On the other hand, If i was an employer/manager, This info would help with hiring. I’d know who to pay attention to, and which staff are most important to retain. I’d also know which departments on my team are the least and most satisfied. It might even explain things like employee turnover I might be dealing with.
Wrapping Up
And that’s what I want to highlight. Data helps us see connections and information to drive better decision making. We can’t know the future, but this puts us in a position to make more educated choices.

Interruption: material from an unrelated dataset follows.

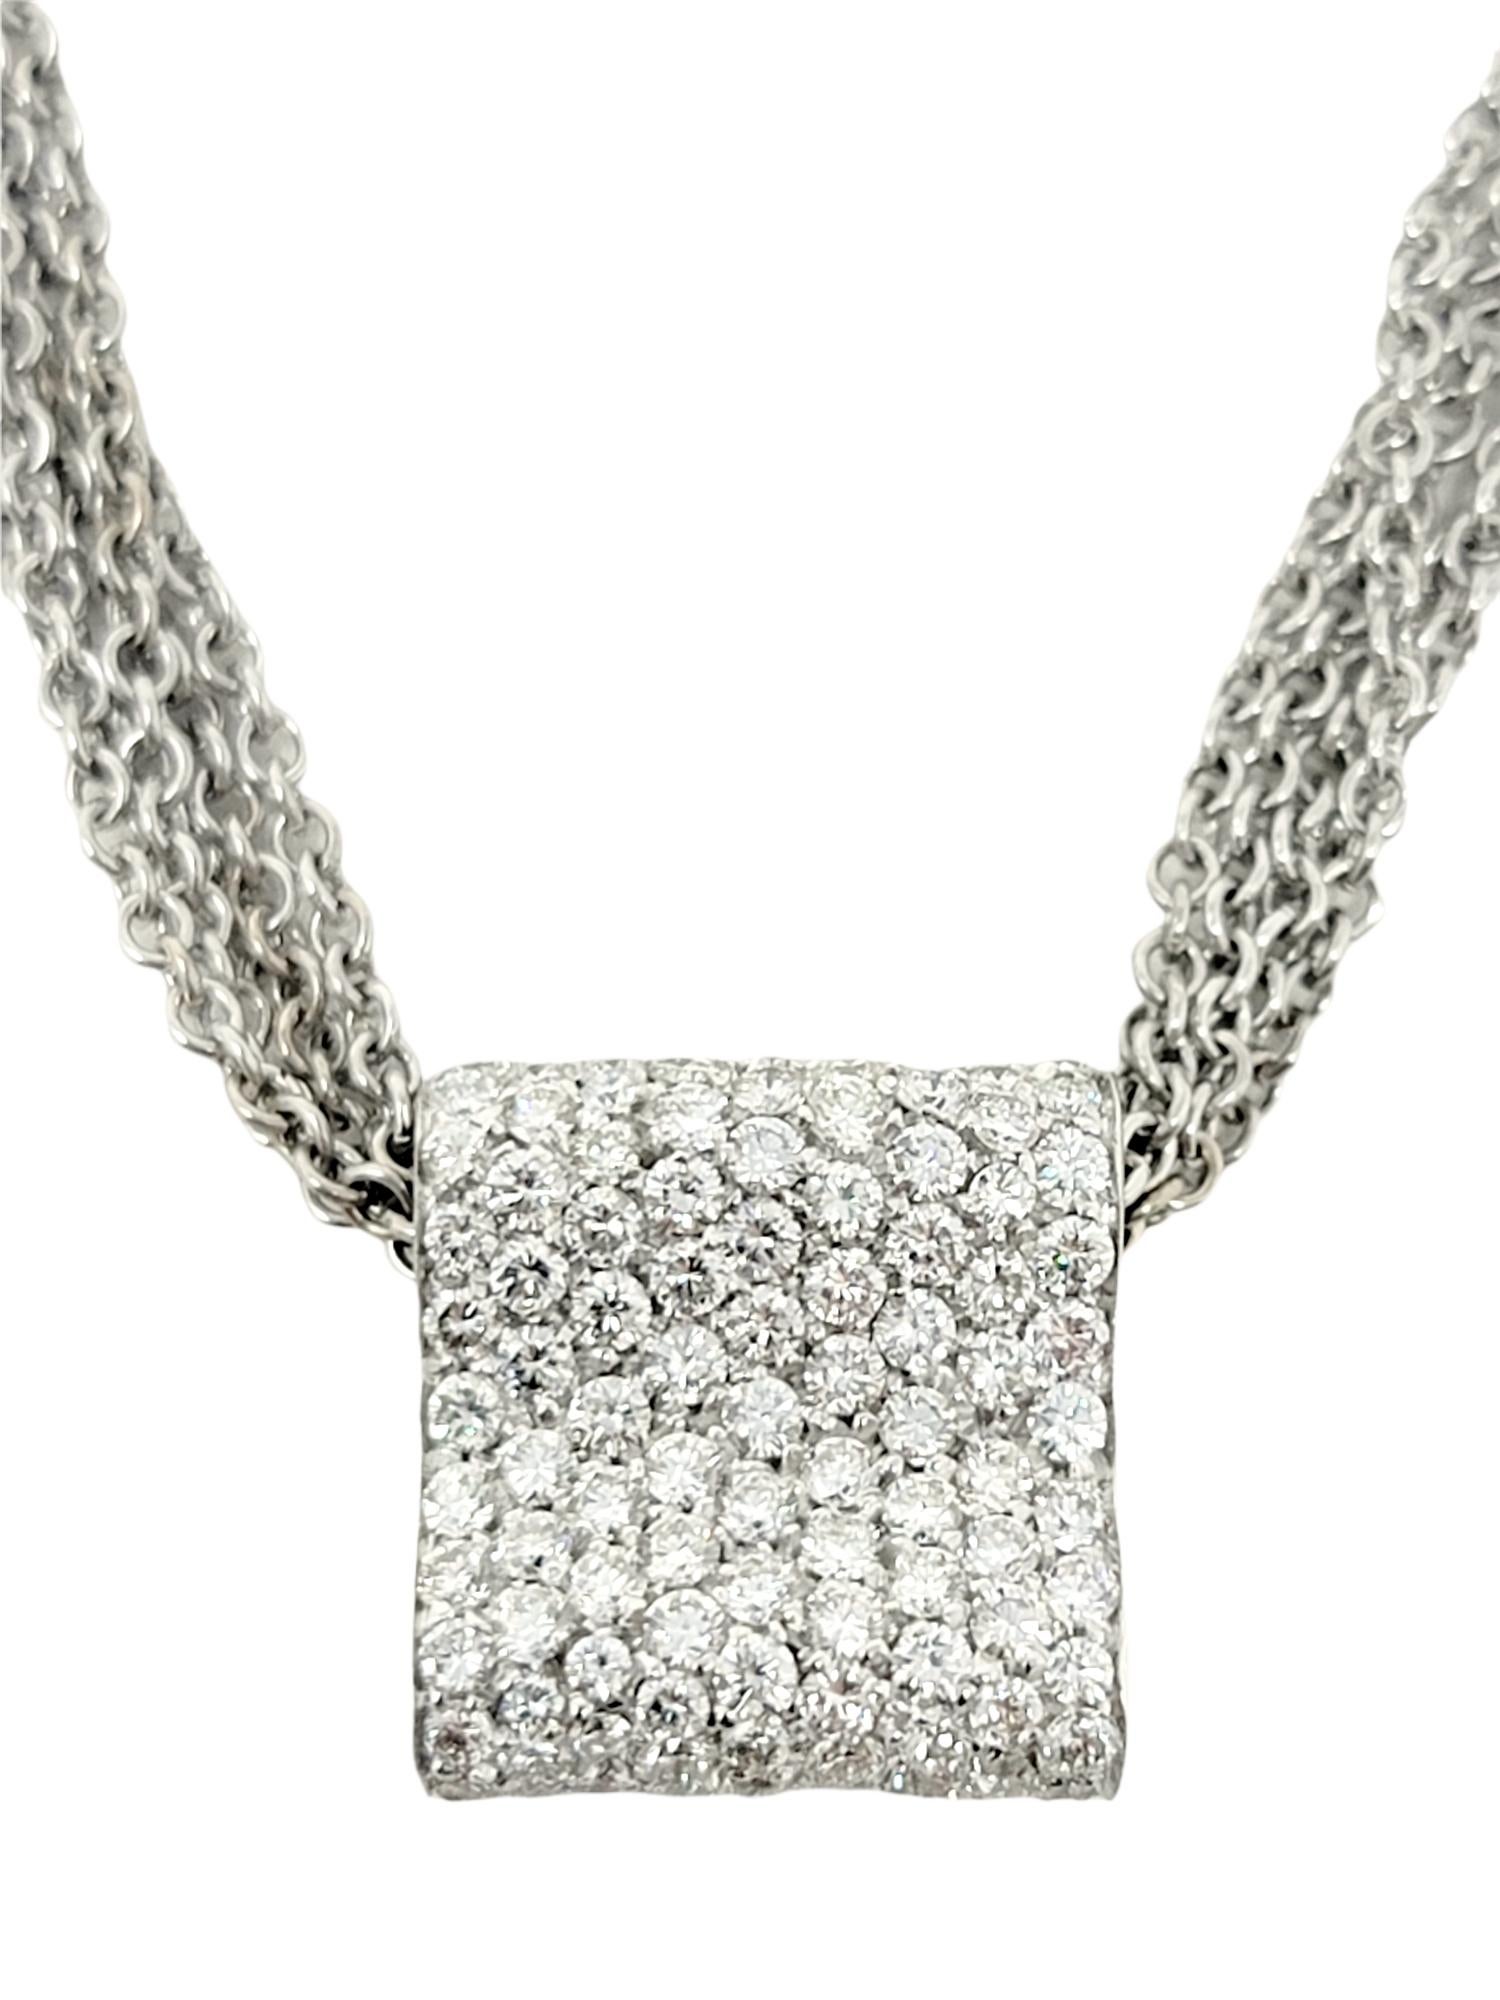 Contemporary Luca Carati Pave Diamond 5 Strand Chain Pendant Necklace in 18 White Karat Gold For Sale
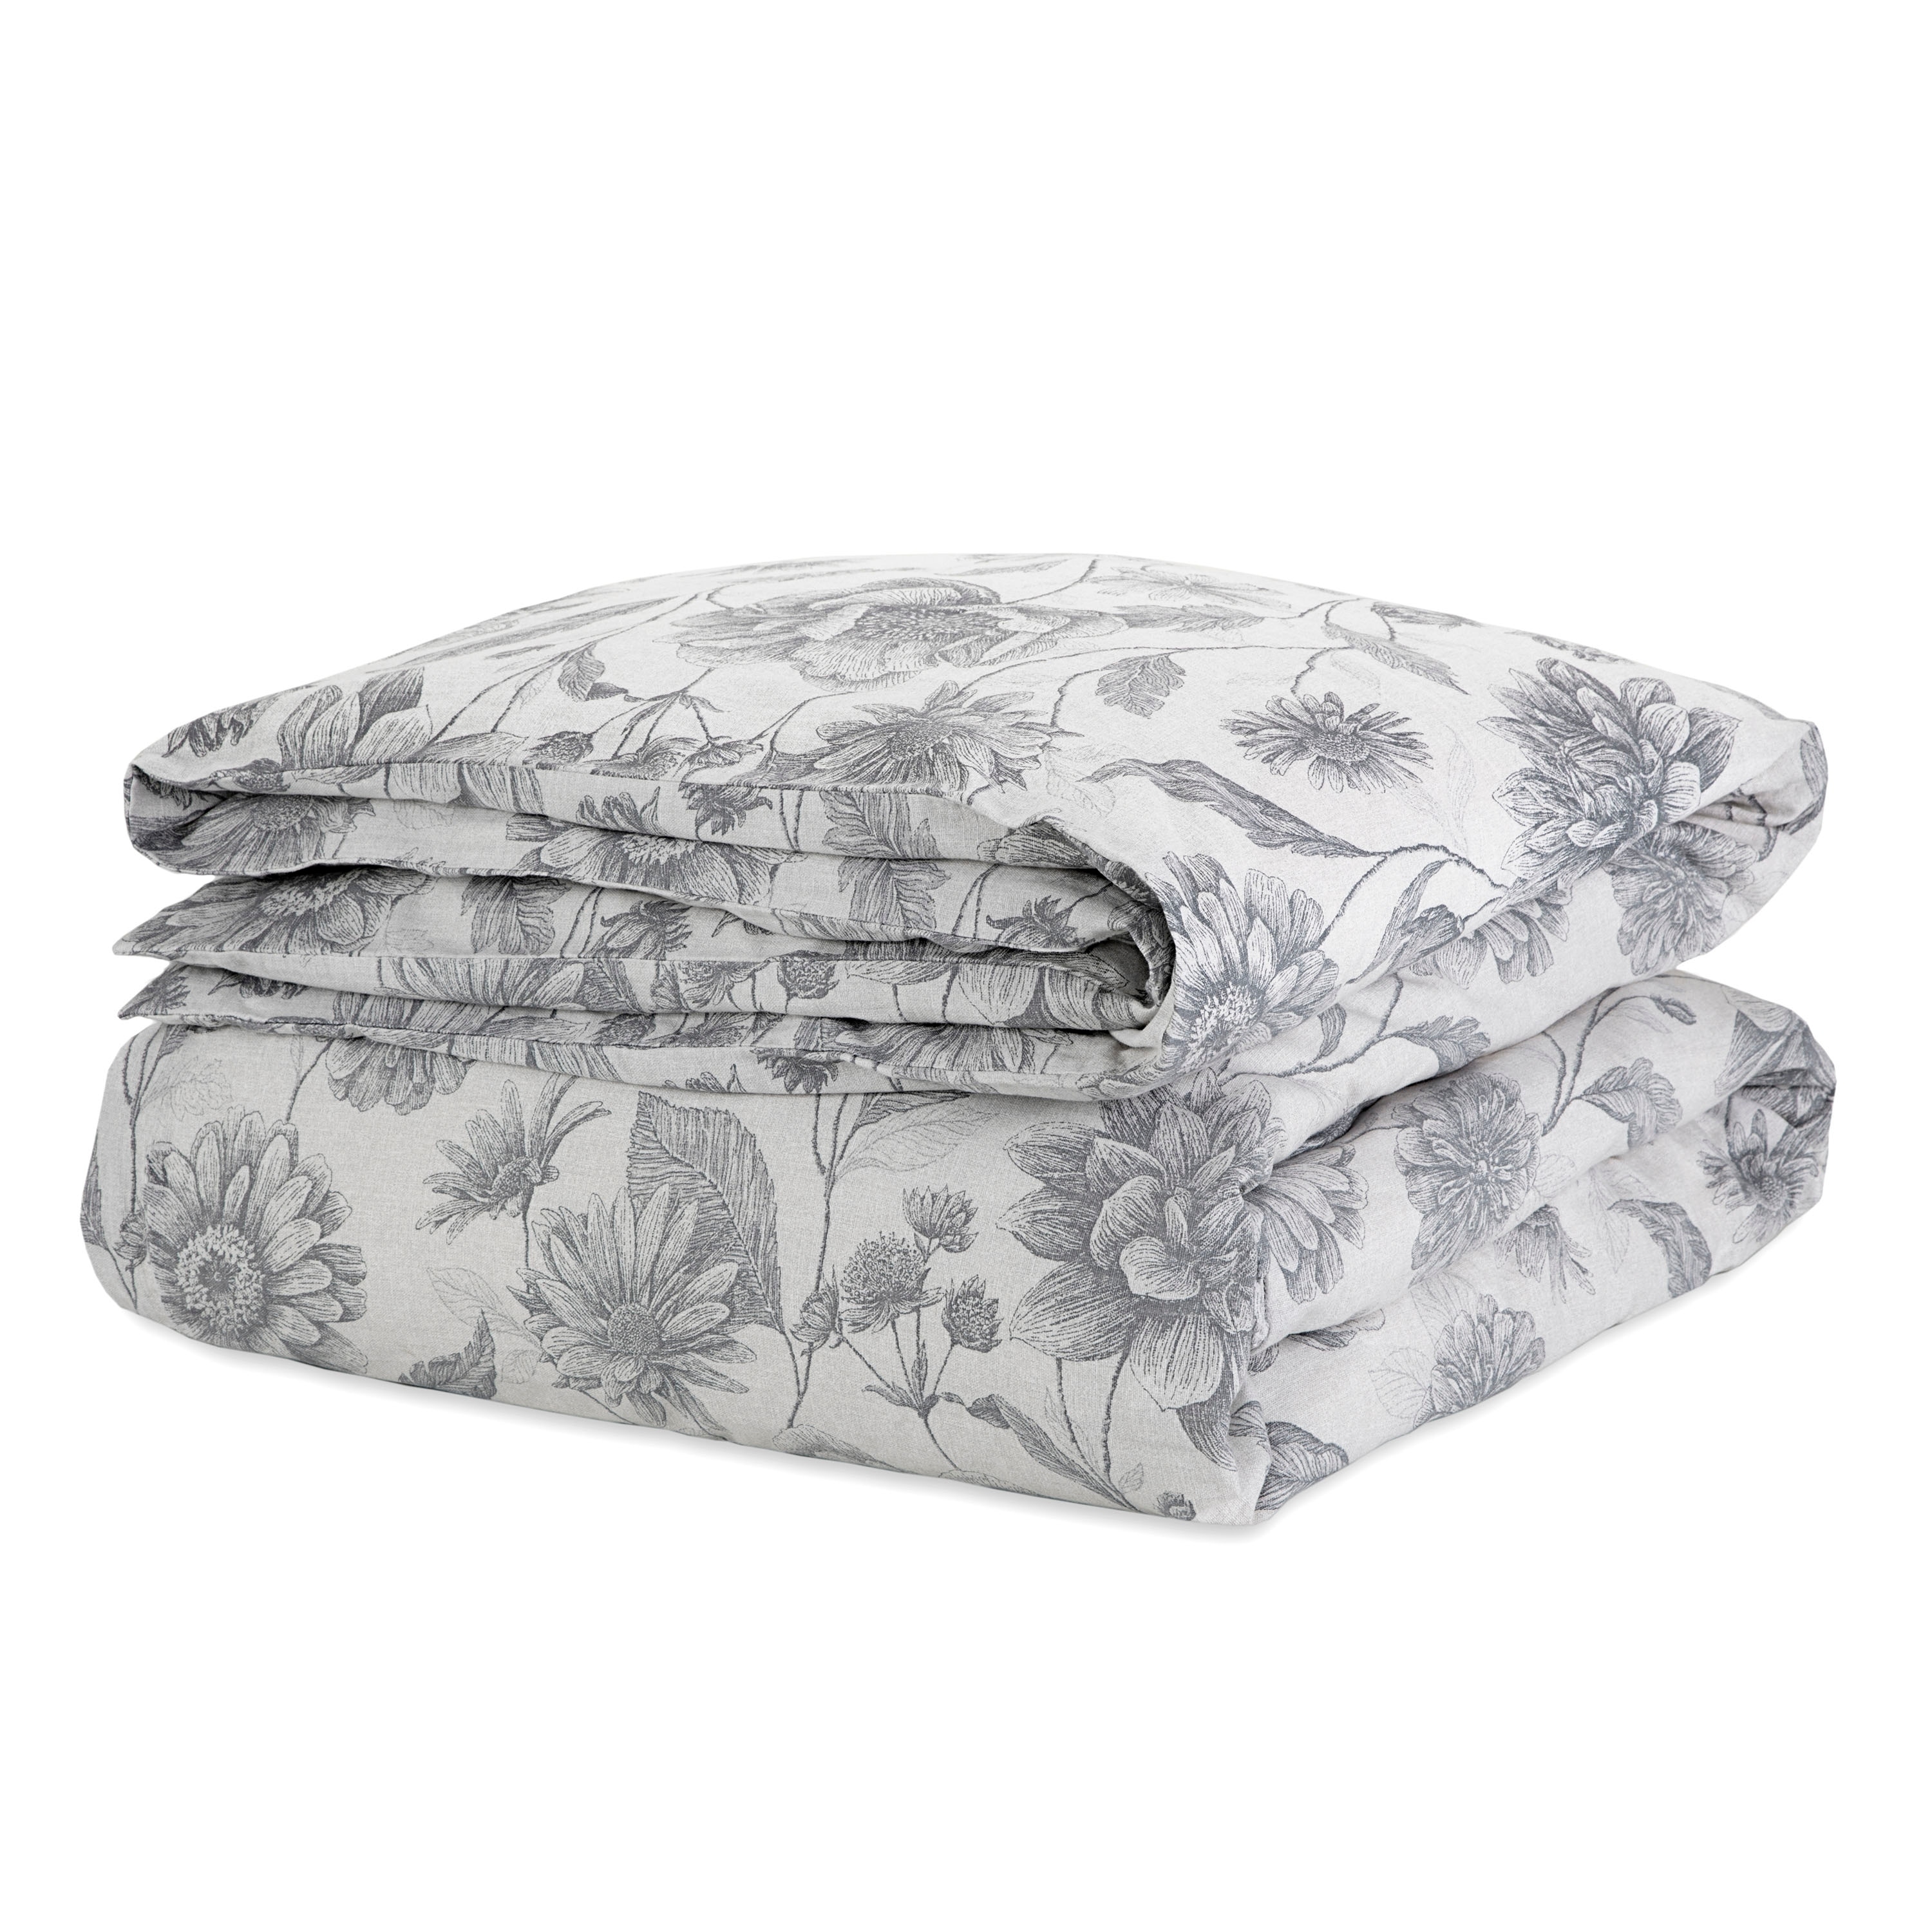 Comfort Wash Sienna Twin Comforter Set by Martex EcoPure

I have a couple hopes for myself, data analysis wise. I’m largely self taught. I intend to keep growing and improving. I want to get good enough that it represents a potential income source. But I also want to cultivate that way of thinking. I want to grow and sharpen the mindset that sees connections, asks questions and uses data to find answers. I think my science background gives me a little start there, but its definitely something I plan to keep improving.
For my next few data analysis posts, I’ve been considering data analysis on marine biology data sets. Its a good mix of my interests, and I’d love to look into that niche specifically.